Caldeirão Político

Terça-feira, 14 de Janeiro de 2020, 08h:24

Lei permite pagar recompensa a quem denunciar criminosos em MT

Deputado Silvio Fávero é o autor da lei que permite pagar recompensa a quem denunciar criminosos

Agora MT

Já está em vigor no Estado a Lei Nº 11.078 de janeiro de 2020 que permite o pagamento de recompensa, em dinheiro, para quem prestar informações sobre o paradeiro de criminosos ou que auxiliem nas investigações policiais. De autoria do deputado estadual Silvio Fávero (PSL), a lei foi sancionada na última sexta-feira (10) pelo governador Mauro Mendes (DEM).

De acordo com Fávero, a ‘Lei da Recompensa’, visa dar celeridade no desfecho de investigações sobre contrabando, tráfico de drogas, violência infantil, ao idoso e à mulher, pedofilia, exploração sexual, trabalho infantil, trabalho escravo, homicídio, latrocínio, entre outros delitos. A iniciativa foi apresentada pelo parlamentar em agosto do ano passado e aprovada pelos demais deputados estaduais.

Segundo Fávero, os gastos com o pagamento de recompensa serão muito inferiores aos prejuízos causados por ações criminosas. “Além do que, incentivamos a população de um modo geral não se omitir diante de situações criminosas, que, por várias razões, entre elas o medo, prefere se calar. E mais, é uma forma também de acelerar as investigações, contribuindo com informações predominantes para desfecho de tantos casos”, argumentou.

Fávero ressalta que a Lei Federal nº 13.608, sancionada no ano passado, autoriza os estados a estabelecerem serviços de recepção de denúncias por telefone. E também a forma de recompensa pelo oferecimento de informações que sejam úteis para prevenção, repressão ou apuração de crimes ou ilícitos administrativos. Tal proposta, conforme observa o deputado, já está em vigor nos estados de São Paulo, Rio Grande do Sul, Maranhão e Ceará.

“Está muito clara (a lei) e visível.
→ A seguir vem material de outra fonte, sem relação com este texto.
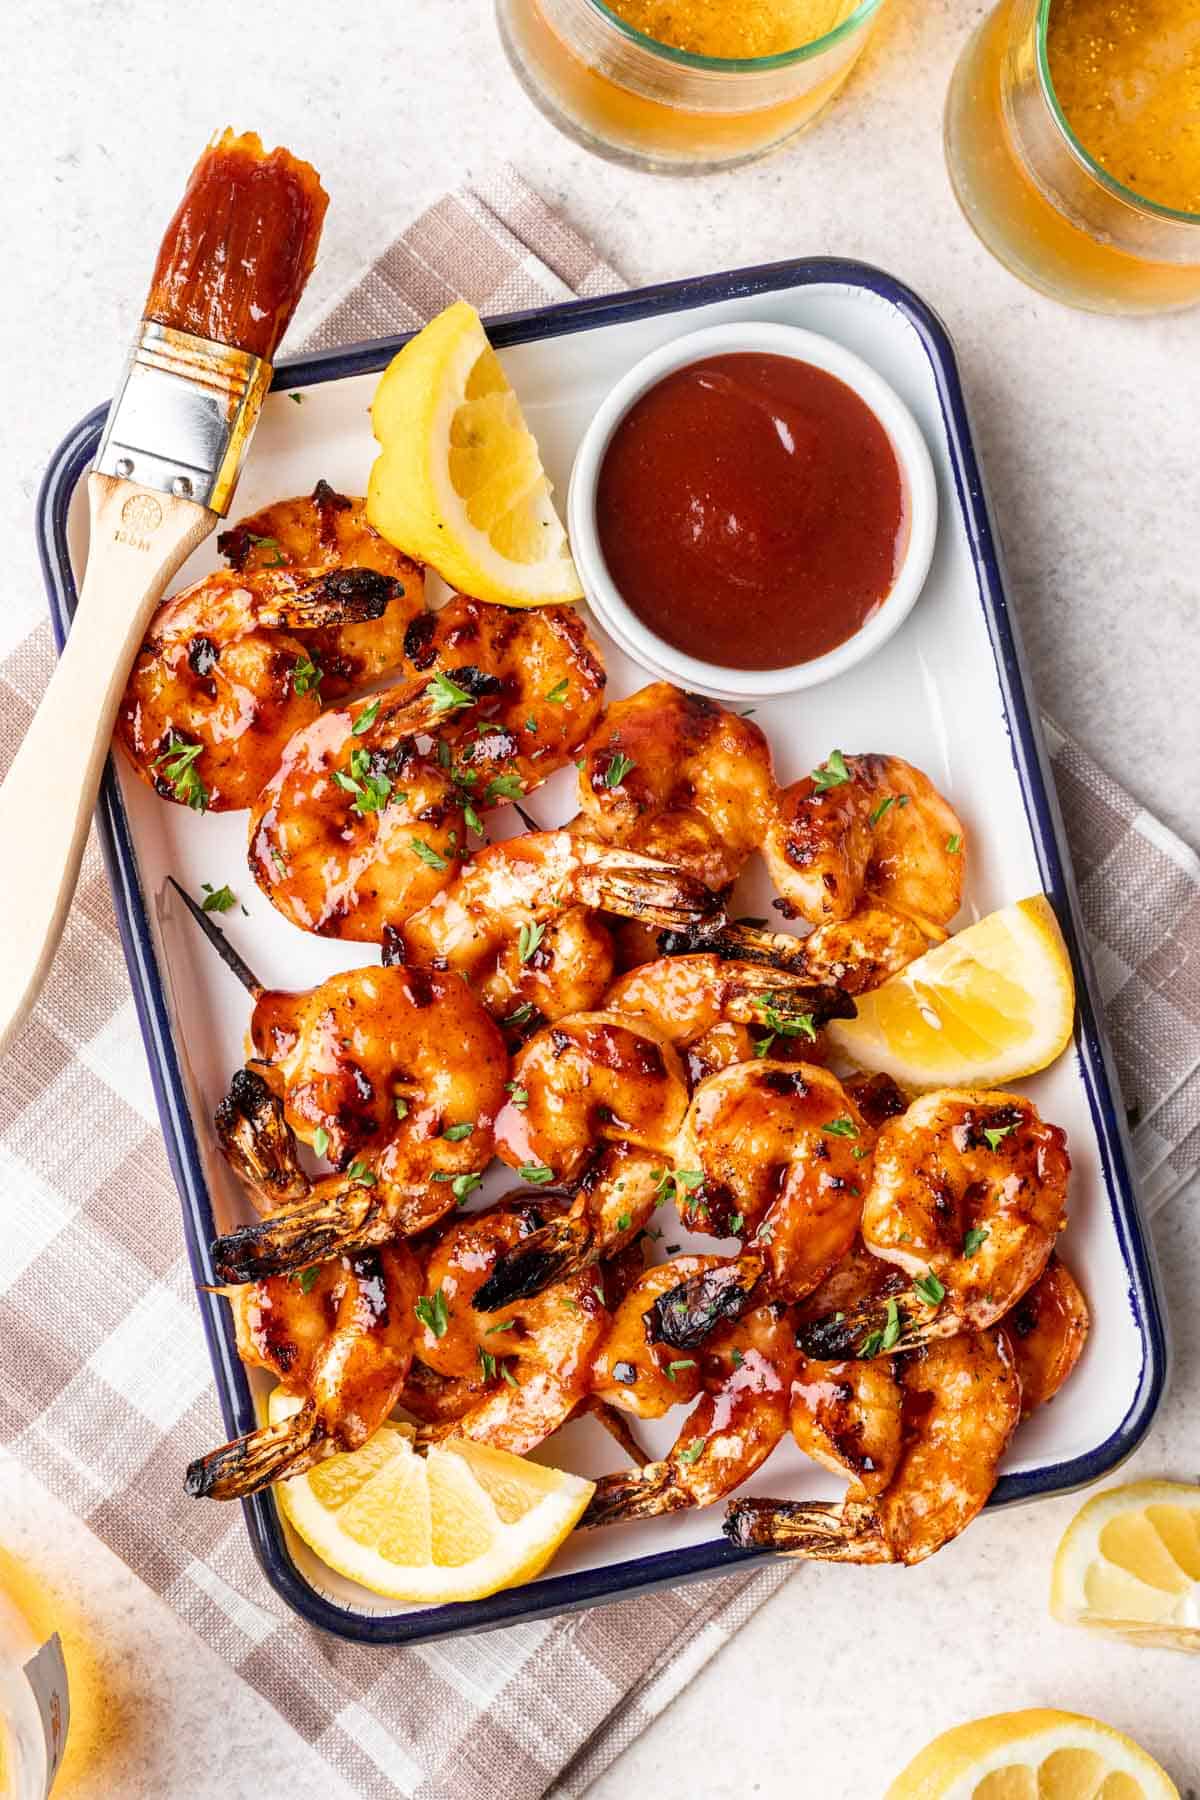 Grilled shrimp, brushed with BBQ sauce, on a serving platter.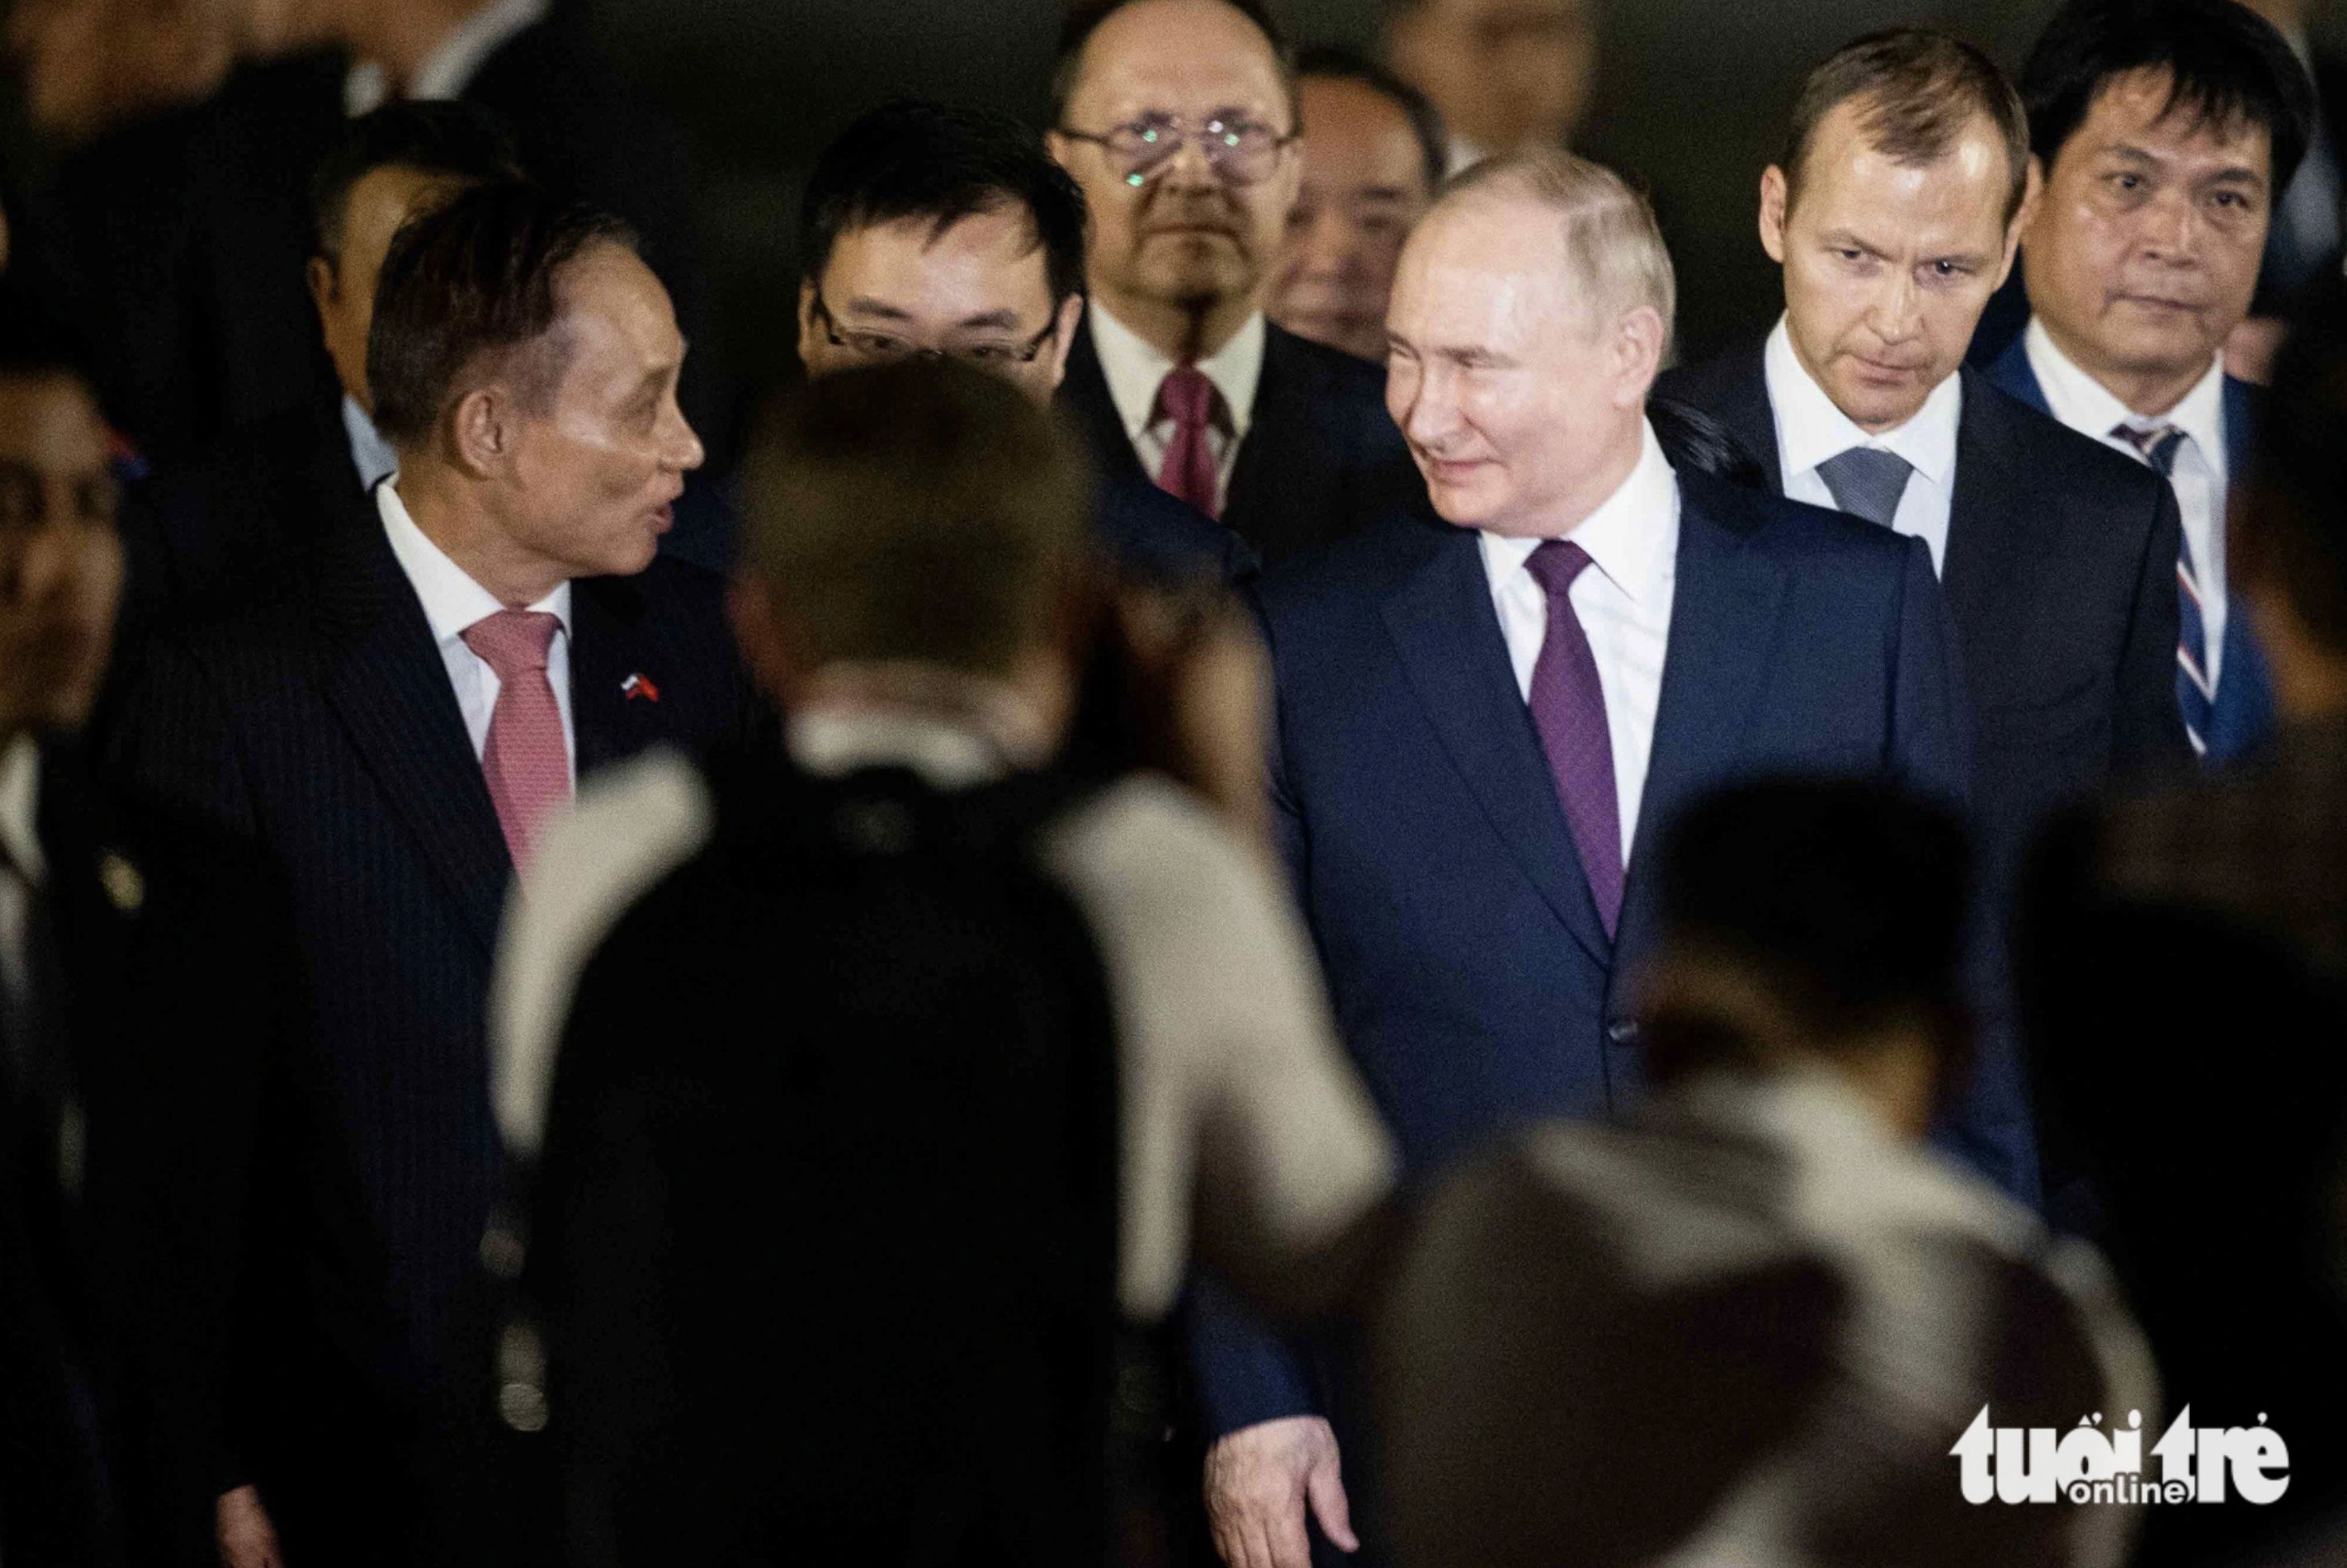 Russian President Vladimir Putin arrives in Vietnam for state visit

É melhor prevenir do que remediar e acredito que as recompensas, em dinheiro, para denúncias, elevarão os números de casos solucionados em Mato Grosso”, defendeu Fávero ao acrescentar em seu projeto que as despesas correrão por conta de dotações orçamentárias da Secretaria de Estado de Segurança Pública (Sesp).

A lei assegura que o informante, se necessário, poderá ser inserido no sistema de proteção às pessoas ameaçadas, testemunhas de crimes, vítimas de violência e depoentes especiais.